Cascade scanned the whole repo with rules tuned for personal names, employer signals, API keys, and indirect identifiers, wrote PII-AUDIT.md with a risk-tiered table, and wired the gitignore so research notes, content drafts, and the audit itself stay local. Public copy uses "User asked," never the user's name.
User asked
Make the portfolio feel like "building code."
The name carried a double meaning: software code, plus architectural codes, permits, blueprints, and construction paperwork.
Implemented
A hidden appendix below the false footer.
The page now keeps scrolling past the first footer into a construction diorama, blueprint elevation, yellow building permit, pink work order, and final approval stamp.
User asked
Keep it subtle, mobile-friendly, and theme-aware.
The Easter egg should reward curious scrolling without shouting at visitors, and it should work across default, mauka, and makai modes.
Implemented
SVG, CSS, and dynamic counts with no build step.
The appendix uses inline SVG and vanilla JavaScript. Blueprint rooms map to live project categories, the permit counts project cards, and colors shift with the existing theme tokens.
User asked
Invite visitors to start building too.
The bottom section should not just be decoration; it should nudge someone from inspiration into a tiny first project.
Implemented
The pink work order became the call to action.
It offers three "construction crew" links for ChatGPT, Claude, and Google AI, each opening a preloaded coaching prompt for a first 20-minute project-planning conversation.
User asked
Polish the affordances instead of making things louder.
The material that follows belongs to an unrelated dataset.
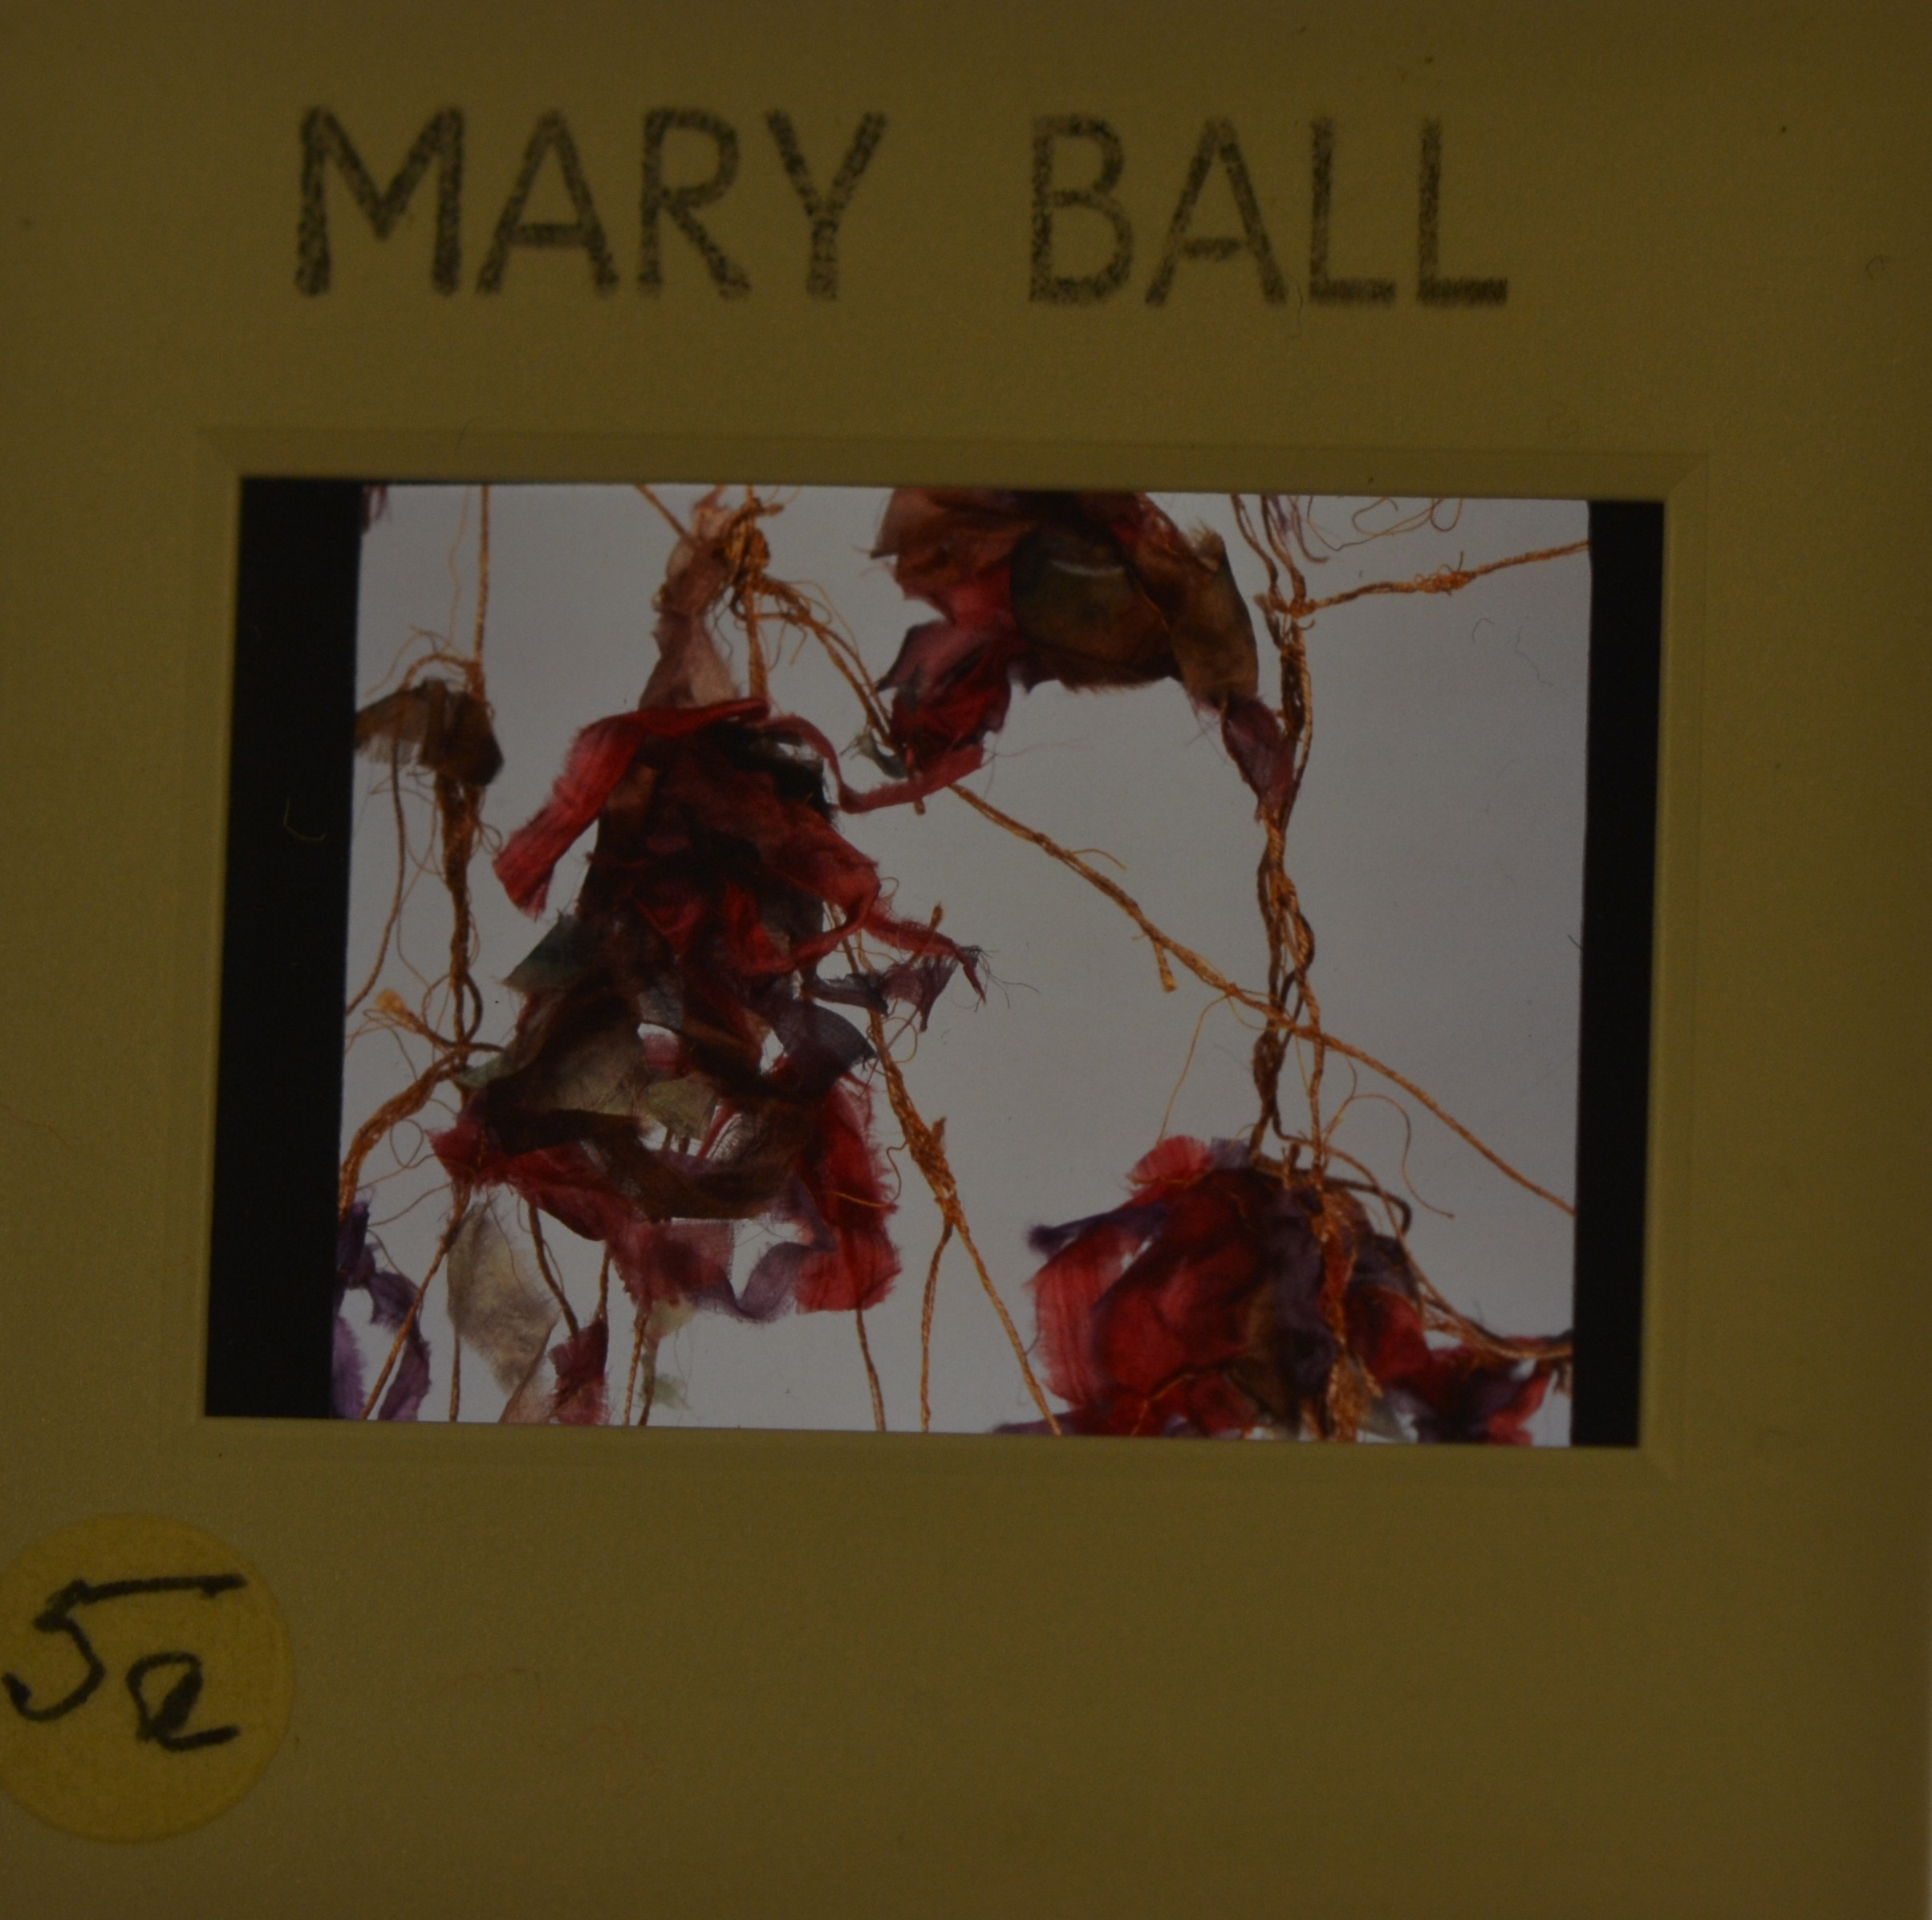 MARY BALL S23.jpg

Requests included keyboard hints for themes, a more noticeable work order, better hover behavior, and stronger contrast in dark mode.
Implemented
Motion and contrast did the heavy lifting.
The theme dots gained a desktop-only 1/2/3 hint, the work order settles into view, lifts on hover, respects reduced motion, and gets an off-white outline against the dark theme.
User asked
Make the process inspectable for future humans and agents.
Several turns asked for local-only notes, boards, and handoffs so future agent harnesses could pick up the work cleanly.
Implemented
Docs, commits, and boards became part of the craft.
The build left behind brainstorms, plans, favicon boards, commit history, and this public conversation map so the site shows some of the process that shaped it.
Source note: reconstructed from a Windsurf/Cascade conversation that did the original scaffold and PII audit on 2026-03-24, a Cursor session that added the architectural easter egg on 2026-04-29, plus git history and local handoff logs. It is intentionally a narrative contour, not a complete transcript archive.